Swiss professional association

The Swiss Society of Engineers and Architects (SIA) (Note: Schweizerischer Ingenieur- und Architekten-Verein, SIA; Société suisse des ingénieurs et des architectes, SIA; Società svizzera degli ingegneri e degli architetti, SIA) is a Swiss professional association for specialists in construction, engineering, industry, and the environment. Founded in 1837 in Aarau, it has grown to become a national organization with approximately 15,000 members as of 2010.

== History ==
The society was founded in Aarau in 1837 under the name Swiss Society of Engineers and Architects by architects, engineers, construction and road inspectors, as well as contractors. Its original purpose was to promote continuing education among its members. Working in close collaboration with the Federal Polytechnic School in Zurich (now ETH Zurich), it rapidly evolved into a professional association and national interest group for all specialists in construction, engineering, industry, and the environment.
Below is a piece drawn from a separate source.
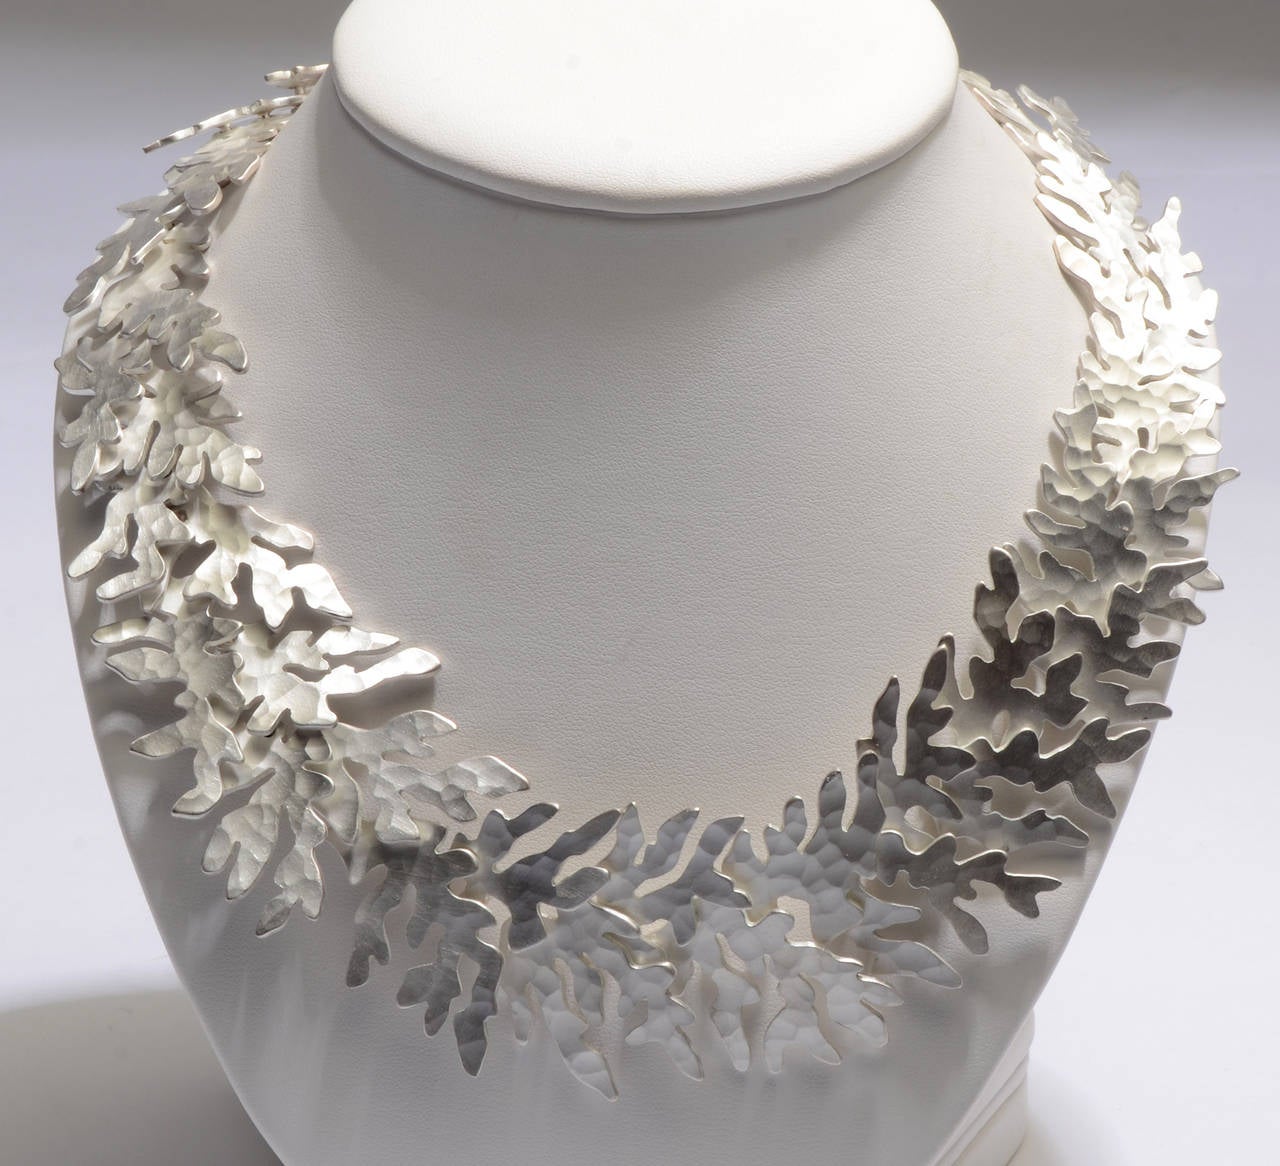 This wonderful 950 silver (higher quality than sterling) necklace by Eduardo Herrera calls two mind two very different images. It looks like coral as well as the cut out designs of Henri Matisse.
The links are hammered. They are 1 1/2

The SIA established a permanent secretariat in 1910 and has been headquartered in the SIA House in Zurich since 1970. The society developed its first fee regulations in 1877 and adopted a code of honor in 1909, which required all persons involved in planning and construction processes to adhere to professional ethics. Between 1910 and 1937, the SIA published the thirty volumes of The Bourgeois House in Switzerland.

In 2024 the SIA elected Susanne Zenker, a Swedish born architect, as their president. Zenker is the first woman to hold this position.

== Organization ==
The SIA comprises a central society with its permanent secretariat, regional sections, professionals divided into four groups since 2000, and numerous affiliated professional associations. The organization develops standards (beginning in 1883 for artificial stones), contracts (from 1910 onwards for tenders and construction), as well as basic documents and information on specific topics.

== Publications ==
The society publishes official organs in three languages. In German, the weekly magazine Tec 21 (previously Eisenbahn from 1874 to 1882, Schweizerische Bauzeitung/Revue polytechnique suisse from 1883 to 1978, and SIA: Schweizer Ingenieur und Architekt from 1979 to 2000). In French, Tracés (formerly Bulletin technique de la Suisse romande from 1875 to 2001), and in Italian, the monthly Rivista tecnica (Rivista tecnica della Svizzera italiana from 1910 to 1964).